After competing on the Kenyan junior cross country circuit to little success, Langat made his breakthrough in 2010 by winning the Administration Police National Cross Country Championships, having entered as a member of the public. He performed poorly at the Kenyan World Championship trial race (placing 60th) and instead competed on the Italian road running circuit that year. He was runner-up at the Turin and Cremona Half Marathons, setting a best of 62:52 minutes at the latter race. He also came third at the Giro Podistico di Rovereto and fourth at the Giro al Sas races.

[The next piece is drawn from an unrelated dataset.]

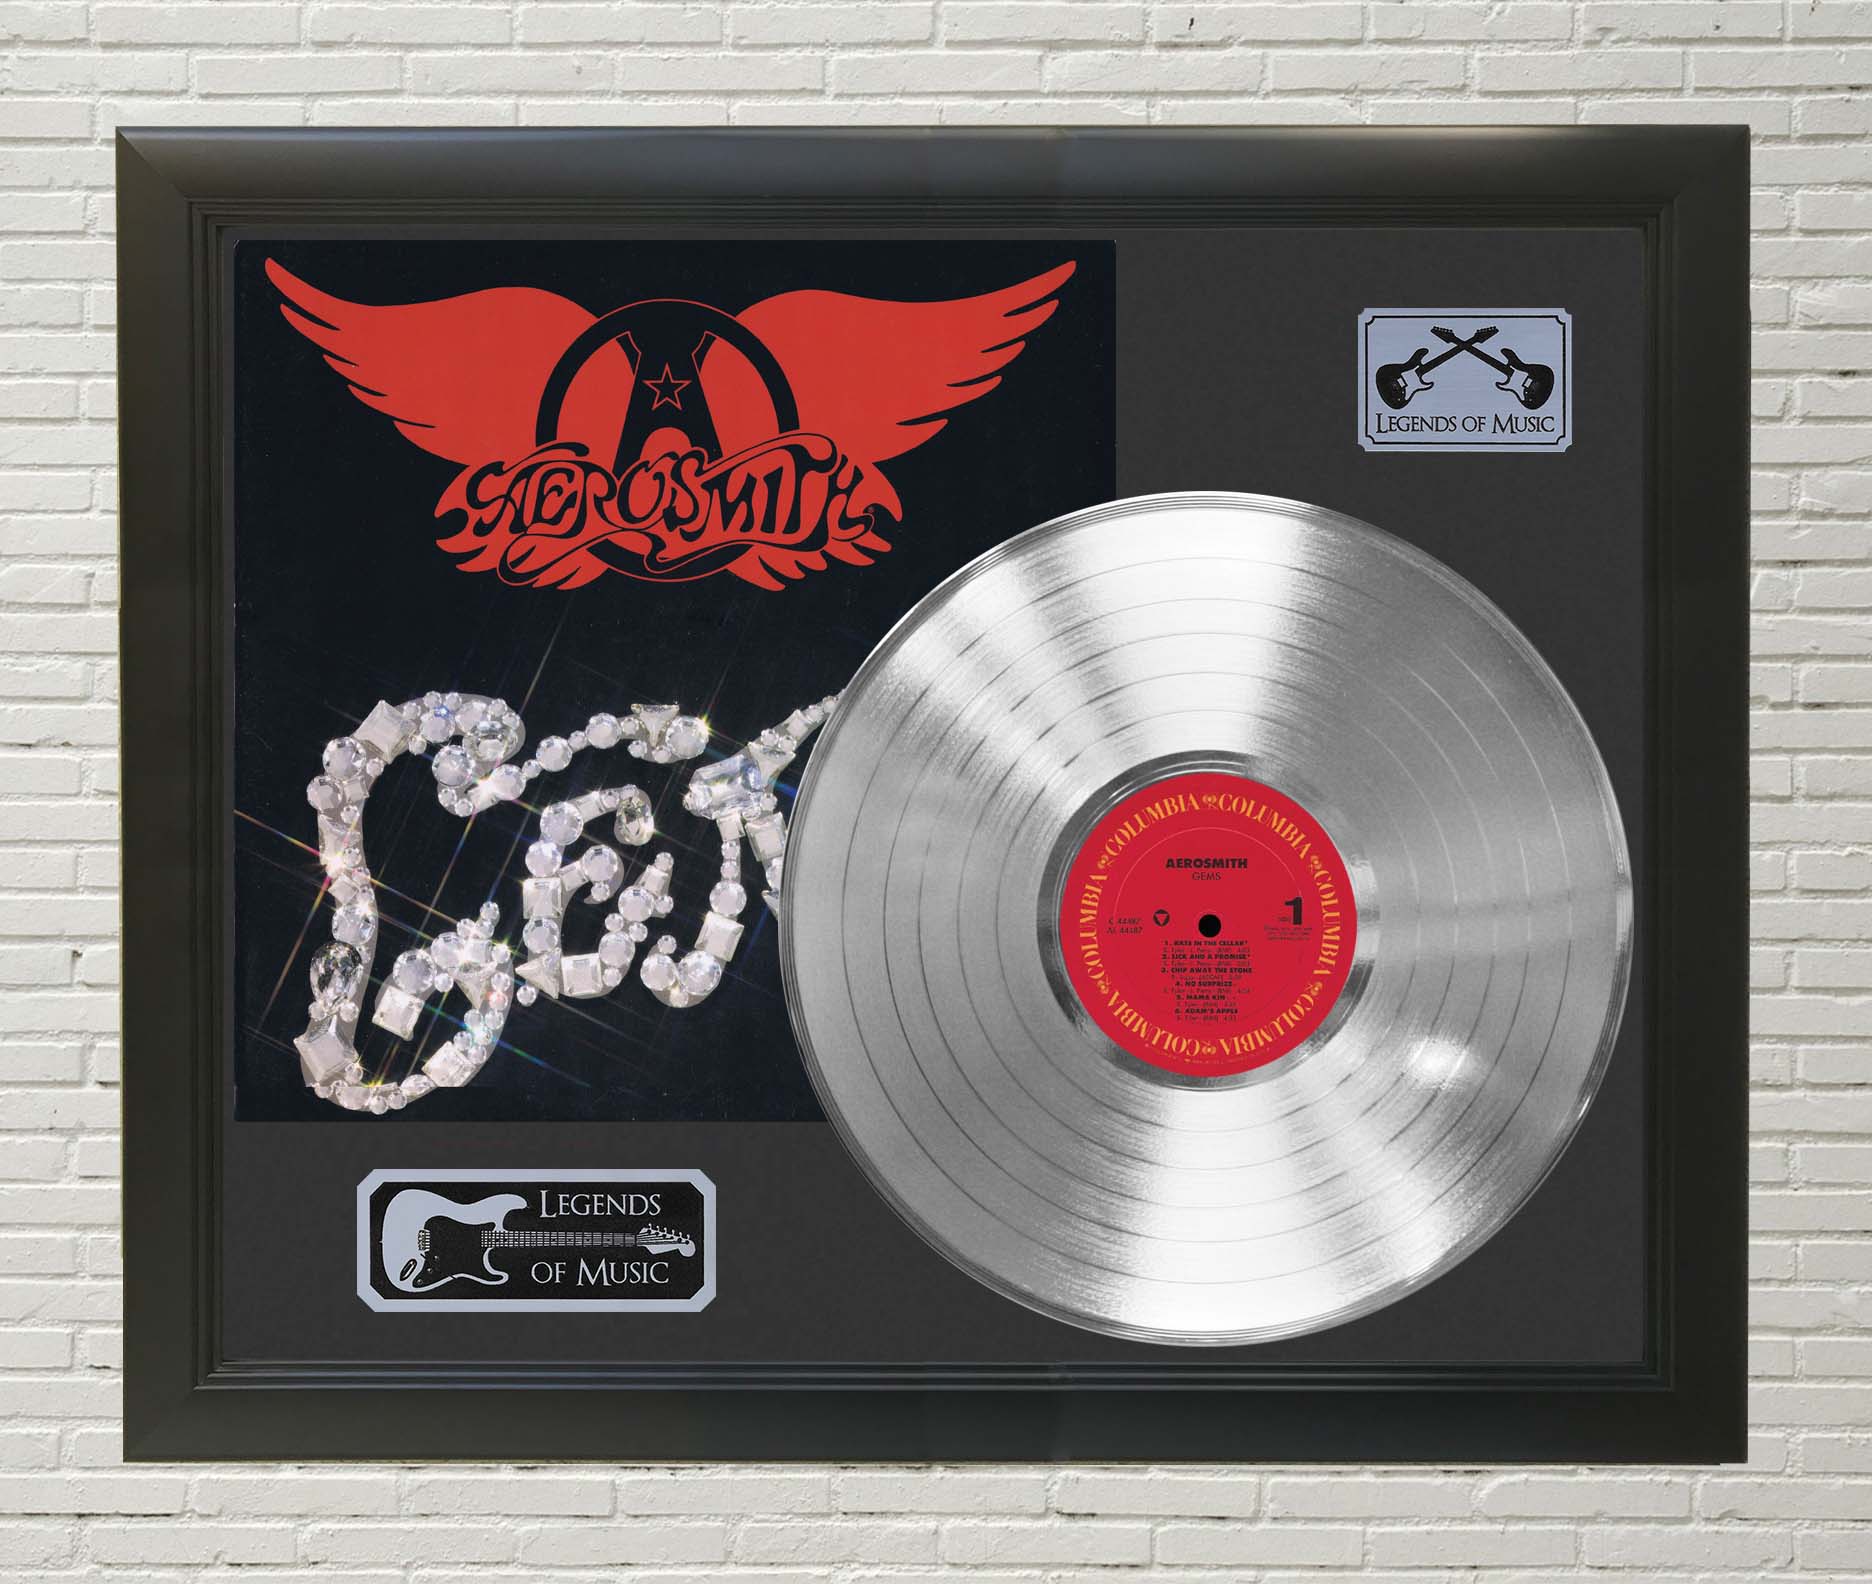 Aerosmith Gems Framed Platinum Lp Record Display C3 Gold Record Outlet Album And Disc

Langat ran in a series of Dutch races in the 2011 season, starting with a second-place finish at the Venloop half marathon. He was fourth at the Parelloop then won the Oelder Sparkassen Citylauf and Zwitserloot Dak Run 10K races. A half marathon best followed at the Zwolle Half Marathon, where he was fifth with a time of 61:56 minutes. He won the Singelloop Utrecht 10K in September then won the Singelloop Breda half marathon the following month. He won his fifth Dutch race of the year at the Montferland Run 15K, where he beat high level competition including Hailu Mekonnen and Abel Kirui. He was runner-up to Geoffrey Mutai at the B.A.A. 10K in June 2012. He spent the rest of the year on the Dutch where he won the Stadsloop Appingedam and Breda Half Marathon, as well as runner-up at the Utrecht Singelloop and Monterferland Run.